Question: One of the most popular suggestions I’ve heard for stimulating the economy is the federal government should give every household one or two million dollars. Would that work or would it create hyperinflation?
Paul Solman: Let’s not be profligate here, so stick to a measly $1 million per household. There are something like 110 million households in the United States. That’s $110 trillion dollars right there, before my wife and I set up independent “households” so we can get $1 million each.

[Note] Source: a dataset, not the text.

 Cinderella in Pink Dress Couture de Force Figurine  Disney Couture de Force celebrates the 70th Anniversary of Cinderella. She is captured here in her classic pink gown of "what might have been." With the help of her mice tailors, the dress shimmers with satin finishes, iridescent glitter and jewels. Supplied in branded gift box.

Right now, with its projected budget deficit of about $1 trillion for 2009, the United States already seems to be spooking the investors of the world, who have united in demanding higher interest rates on U.S. debt. The Treasury now has to pay almost 4 percent to borrow money for 10 years (via 10-year bonds) and about 5.5 percent for 30, driving up the cost of mortgages, for example, which threatens to wither the green shoots of recovery. That’s why Obama is talking about “pay-as-you-go” budgeting: It’s a way to assuage America’s creditors.

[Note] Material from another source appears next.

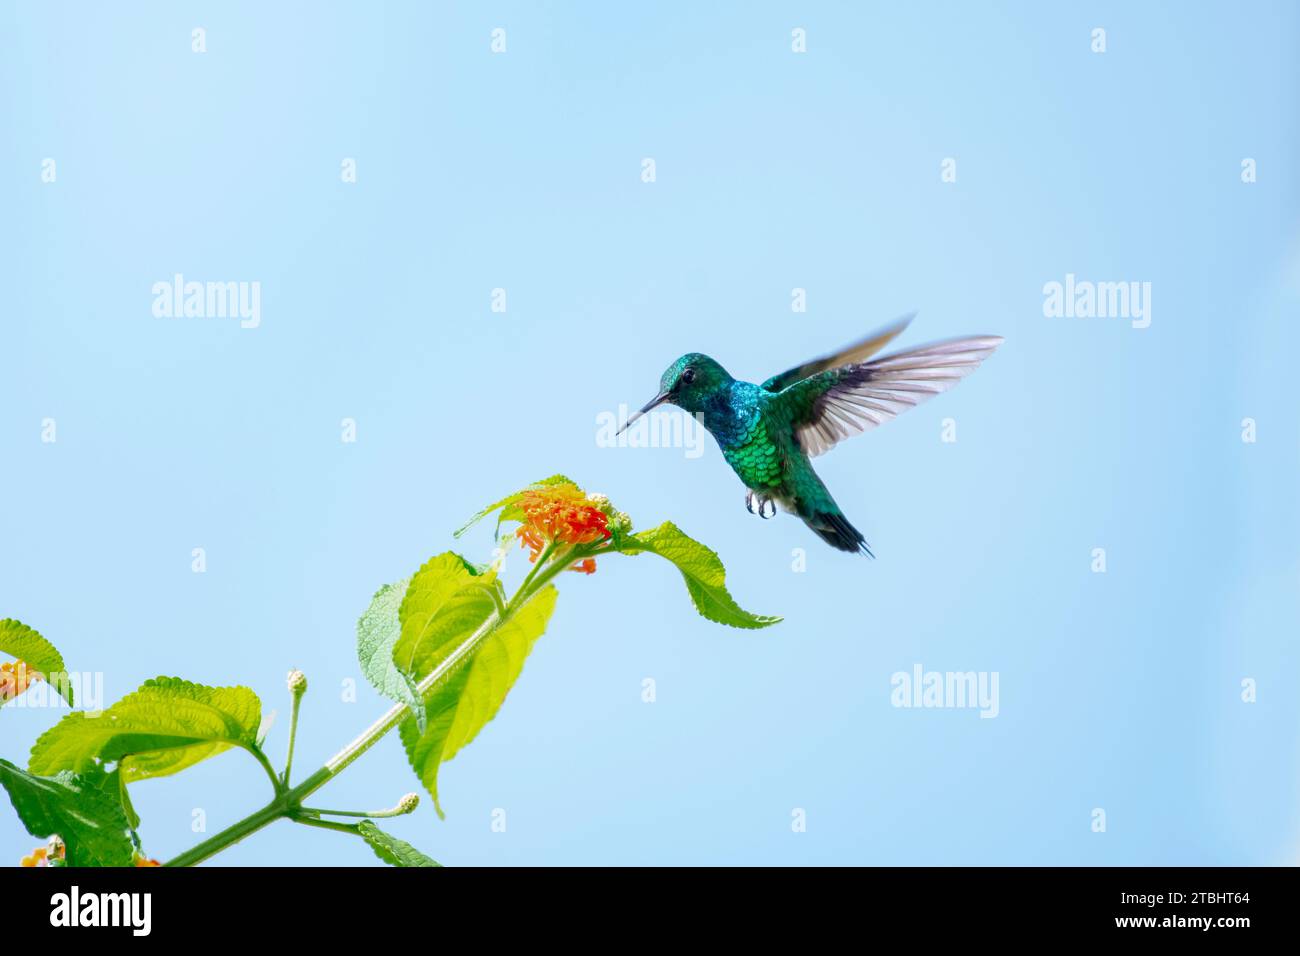 A male Blue-chinned Sapphire hummingbird, Chlorestes Notata, in flight in the blue sky with Lantana blooms Stock Photo

So, now we distribute $110 trillion dollars to Americans, increasing the deficit a hundred-fold (or, if you prefer, by 11,000 percent). What might happen to interest rates THEN?
You’re right, of course. The reason is the fear of hyperinflation. I won’t lend you a hundred dollars today, to be paid back 10 years from now, at an annual rate of 4 percent if I think the U.S. dollar is going to lose more than 4 percent of its purchasing power every year. Right now, the total U.S. debt is around $10 trillion. There’s another $1 trillion or so in currency. How secure would YOU feel about the purchasing power of the dollar if the total suddenly multiplied by 10?